All of those officials have denied any impropriety, and no charges have been filed.

Last winter, when he announced the Blue Cross settlement, U.S. Attorney Robert Clark Corrente said, “People are just sick of this culture in which legislators take money from entities.”

While that may be true, Darrell West, a Brown University political science professor, says the CVS case illustrates the challenges of prosecuting corruption in Rhode Island.

“In a citizen legislature, it’s perfectly legal to have jobs on the side,” he said. “You can’t prevent them from earning a living.”

What West would like to see, however, is a tightening of the so-called “class exception,” which allows lawmakers to vote on bills affecting their livelihood as long as it affects everyone in their profession, or class, the same.

Under the class exception, for example, legislators who belong to a public employees union can vote on matters affecting unions.

“It’s something the state should think about tightening up,” said West. “There are a lot of financial conflicts involving large classes of people that may represent a larger dollar amount than an old-fashioned bribe.”

To secure a corruption conviction, said West, “you would have to find a smoking gun –– that a legislator accepted money for a concrete action. And even then, it’s not a slam dunk. The rules allow a defendant to say that the money was paid for legitimate duties.”

Still, West said he believes the jury got it right in the CVS case, given Celona’s credibility problems and the paucity of evidence that Kramer and Ortiz had directed Celona to act on legislation specifically benefiting CVS.

Ironically, for all the lies and contradictions that defense lawyers attacked during Celona’s testimony, it was something that Celona didn’t say that also undermined the charges. He never said that Kramer and Ortiz asked him to support CVS on pharmacy-choice legislation.

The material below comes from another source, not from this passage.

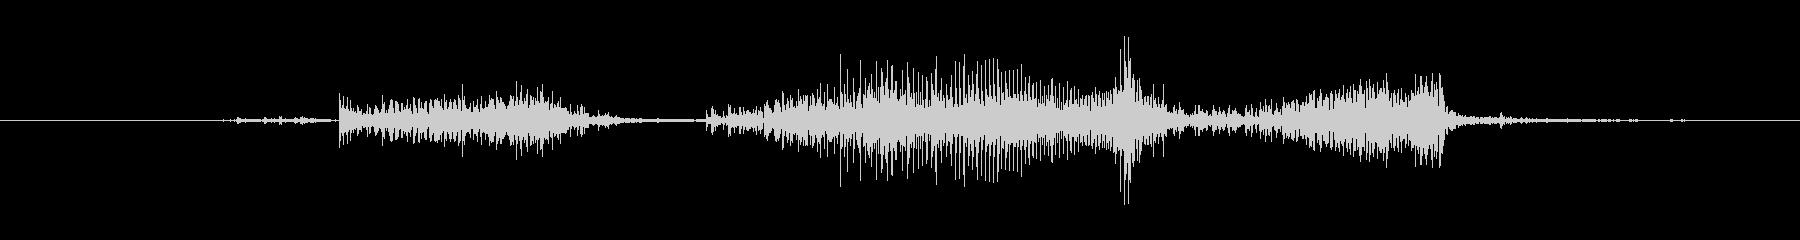 ジッパー ロングクローズラピッド02の未再生の波形

The absence of any such testimony, coupled with the judge’s instructions on the law governing Rhode Island’s “citizen legislature,” left the jury with little choice but to swiftly acquit, which it did after just 90 minutes of deliberations.

During his closing argument, Kramer’s lawyer, David B. Fein, alluded to the taint of Rhode Island corruption and asked jurors not to let it unfairly color their deliberations.

“You may not like the system of government in Rhode Island,” said Fein, who is from Connecticut.

But, Fein said, that was a debate for another day — and not for the jury room.